I have a continuum of objects, all affected by Brownian motion with drift $\mu$ and variance $\sigma^2$. I want to find the mass of those that are moving upwards, which I will make more precise in the discrete-time approximation that follows.
Discretize a grid over a with step size $\Delta_a = \bar a - \underline a$. Time period is $\Delta_t = (\Delta a/\sigma)^2$. In the interior, $a$ increases with probability $1/2 (1 + \mu \Delta_a/\sigma^2)$, and decreases with probability $1/2 (1 - \mu \Delta_a/\sigma^2)$. This yields an expected value of $\mu \Delta_t$ with second moment $\sigma^2 \Delta_t$.
Now, what I am interested in, in discrete time, is separating the "upward-movers" from the "downward-movers", and compute the "speed" ($\Delta_a/\Delta_t$) for each of these.
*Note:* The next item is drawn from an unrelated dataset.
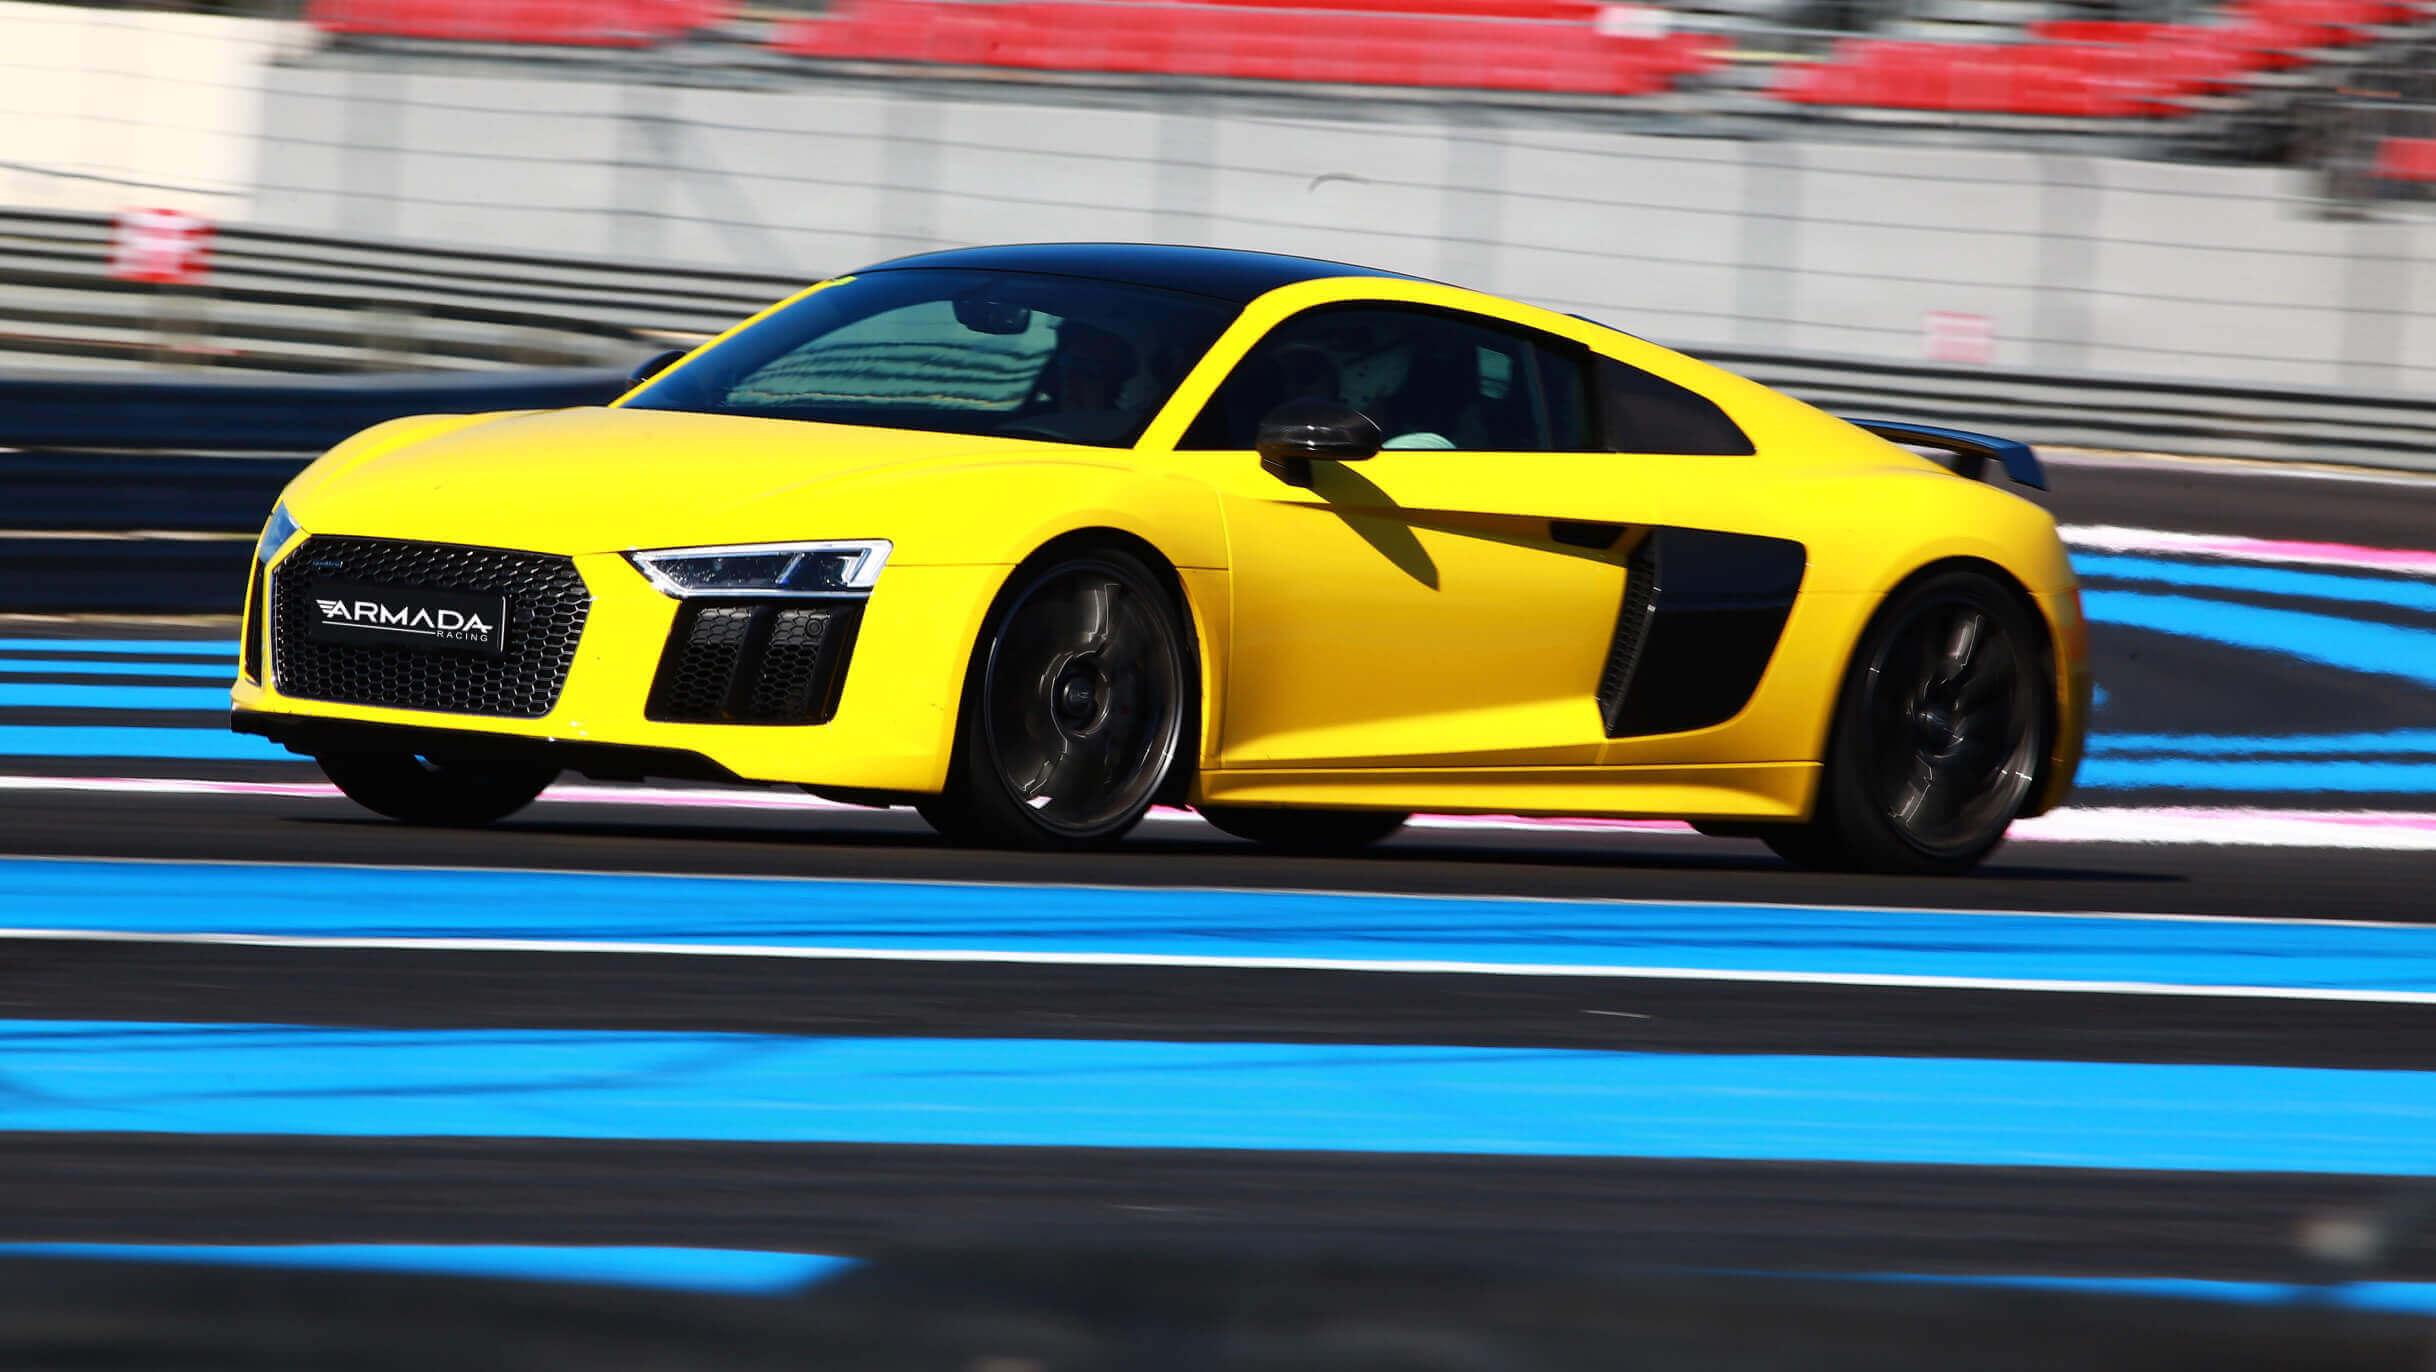 armada-racing-location-voiture-prestige-supercar-sportive-limoges

For upward-movers, we have how much you move upwards X prob of moving upwards per unit of time:
$$\Delta_a \cdot \left[\frac{1}{2}(1 + \frac{\mu\Delta_a}{\sigma^2}) \right]/\Delta_t\\ = \frac{1}{2}\left[\sigma^2\frac{\Delta_t}{\Delta_a} + \frac{\mu\Delta_a^2}{\sigma^2})\right]/\Delta_t\\ = \frac{1}{2}\left[\sigma^2\frac{\Delta_t}{\Delta_a} + \mu\Delta_t\right]/\Delta_t\\ = \frac{1}{2}\left[ \sigma^2\frac{1}{\Delta_a} + \mu\right] $$
Now, when $\Delta_t \to 0$, we have $\Delta_a \to 0$, so the first term explodes. What am I missing?